This enables bending of the uprights 30 and of the gas circuit, thereby limiting the risk of folding/tearing if the valves in the circuit 4, 5 are moved. The fluid circuit 4, 5 is advantageously housed in the deformable portion of the frame 2 and can therefore be designed preferably to deform in the event of contact with the frame 2 following significant deformation or in the event of movement of the cylinders 3 in the event of breakage of the attachments of same to the frame 2.
For this purpose, the circuit may include a shared collector portion comprising a closed loop 5 (that is relatively more rigid) and a relatively more flexible portion comprising pipes 4 that are more flexible and that link the cylinders 3 to the closed loop 5.
As illustrated, the extremities of the reinforcement bars 6 may be connected rigidly to the cross beams 31 via at least one connecting pin 7 such as a stud arranged in a vertical plane parallel to the plane of a lateral face of the frame 2.
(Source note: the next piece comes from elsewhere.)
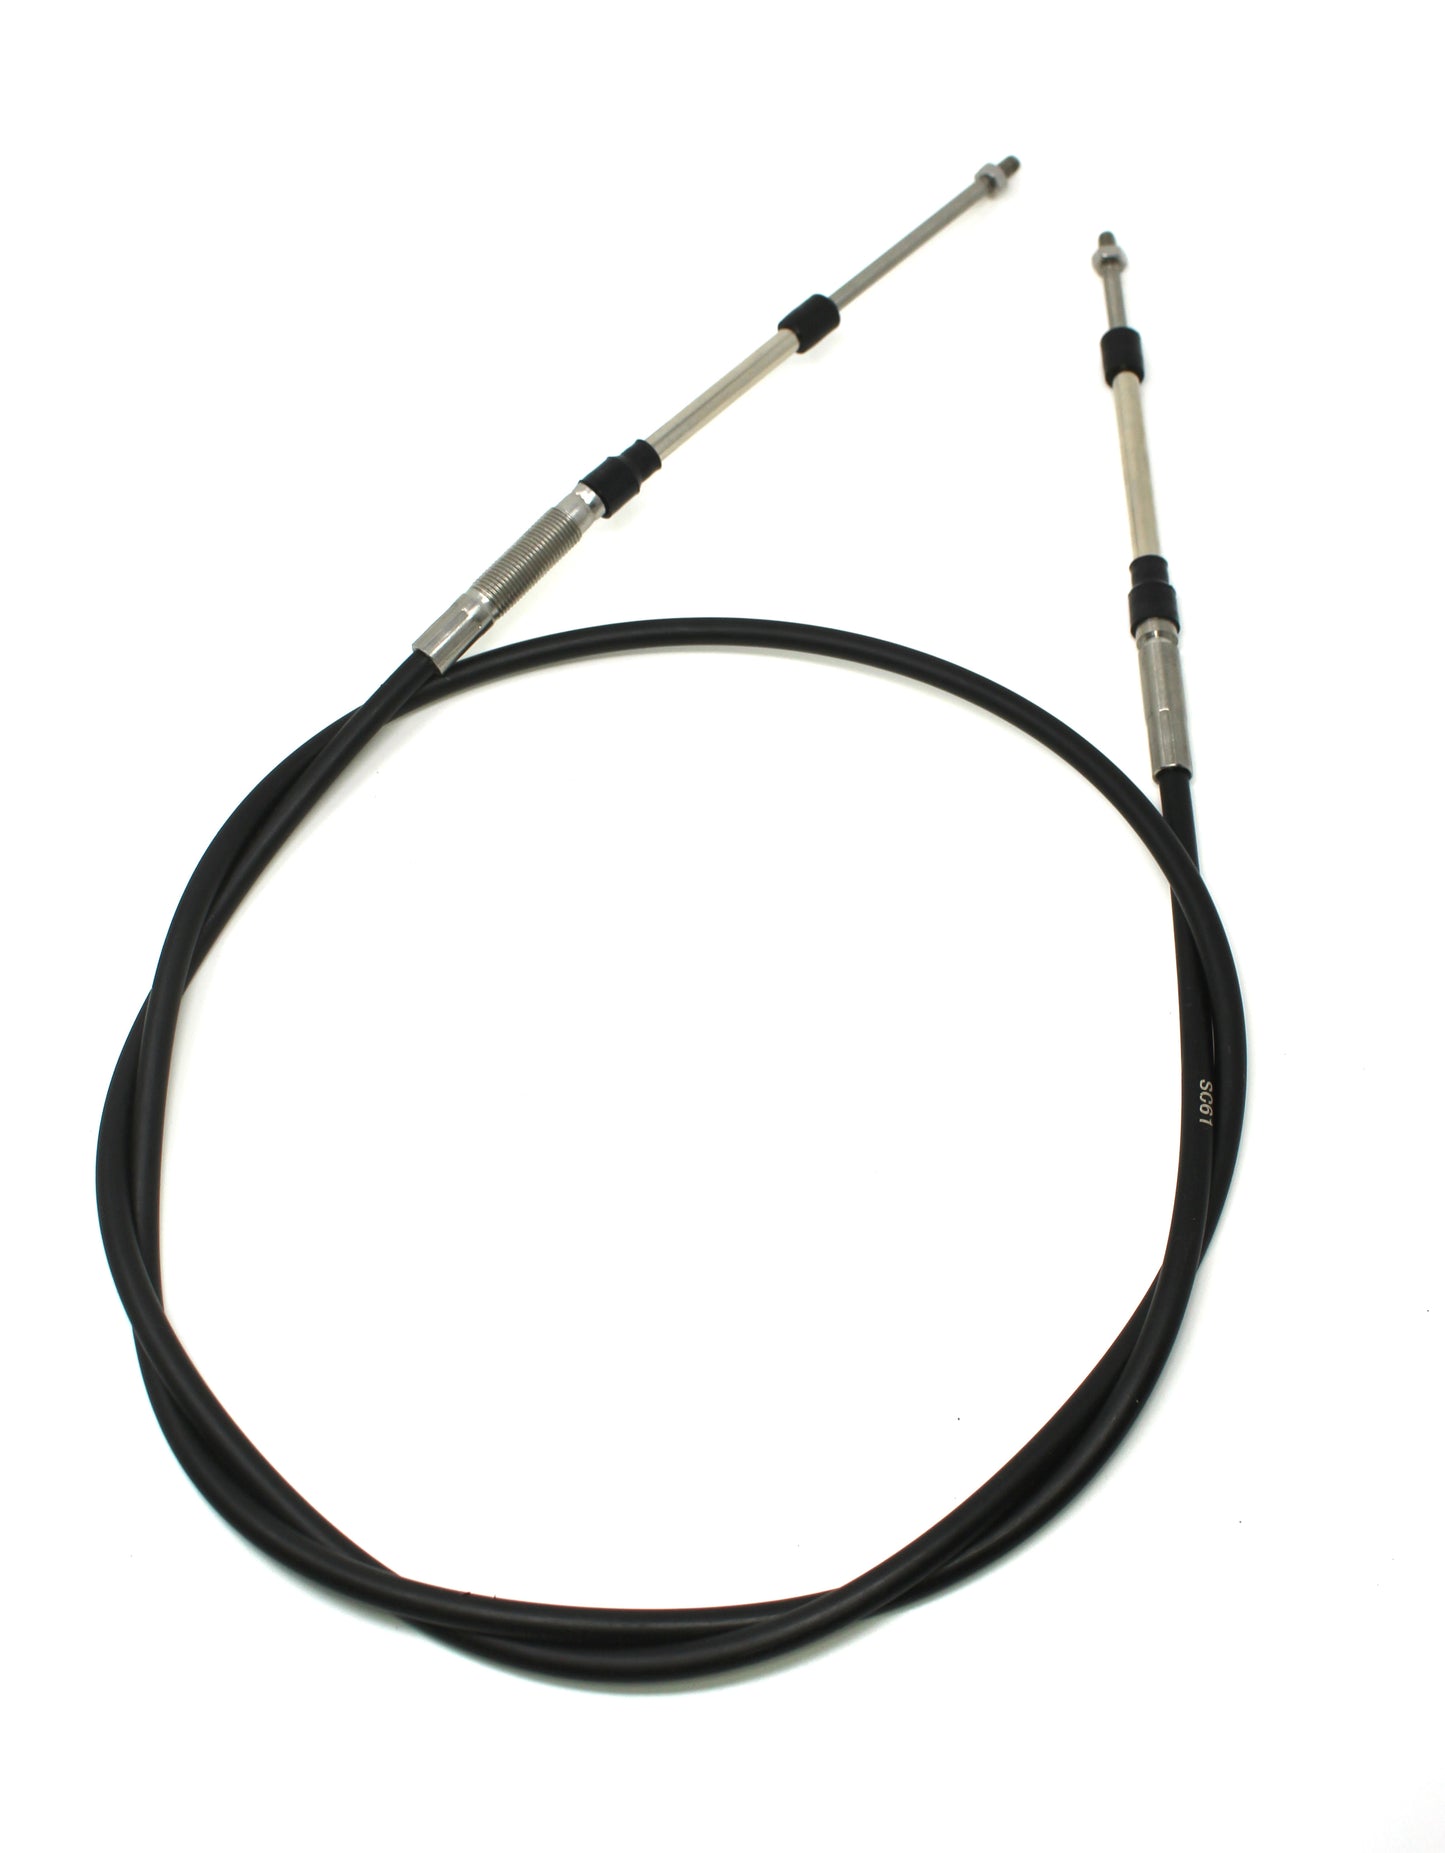 Aftermarket Steering Cable Replacement for Seadoo 99-11 GTX GTI fits 277000843 277001474 277001580  277001010  277001532  277001322  002-045-08  26-3128 JSP Brand

Thus, the connecting pins 7 may include a mechanism such as a screw/thread system (with nut, where applicable). Preferably, this mechanism enables the vertical position of the bar 6 to be adjusted in relation to the cross beam 31 to which it is connected, to adjust the vertical bearing force of the bar 6 on the cylinders.
The intermediate cross beams 31 to which the reinforcement bars 6 are connected may be positioned halfway up the frame 2 and preferably approximately two-thirds or three-quarters of the way up the frame 2.
As illustrated, the frame 2 may also include intermediate corner reinforcing members 9 arranged respectively at the joins between the extremities of the cross beams 31 connected to the reinforcement bars 6 on the one hand, and the related adjacent uprights 30 on the other.
The intermediate corner reinforcing members 9 are rigid and have two extremities connected rigidly (welded, riveted or other) and respectively to a cross beam 31 and to the adjacent upright 30.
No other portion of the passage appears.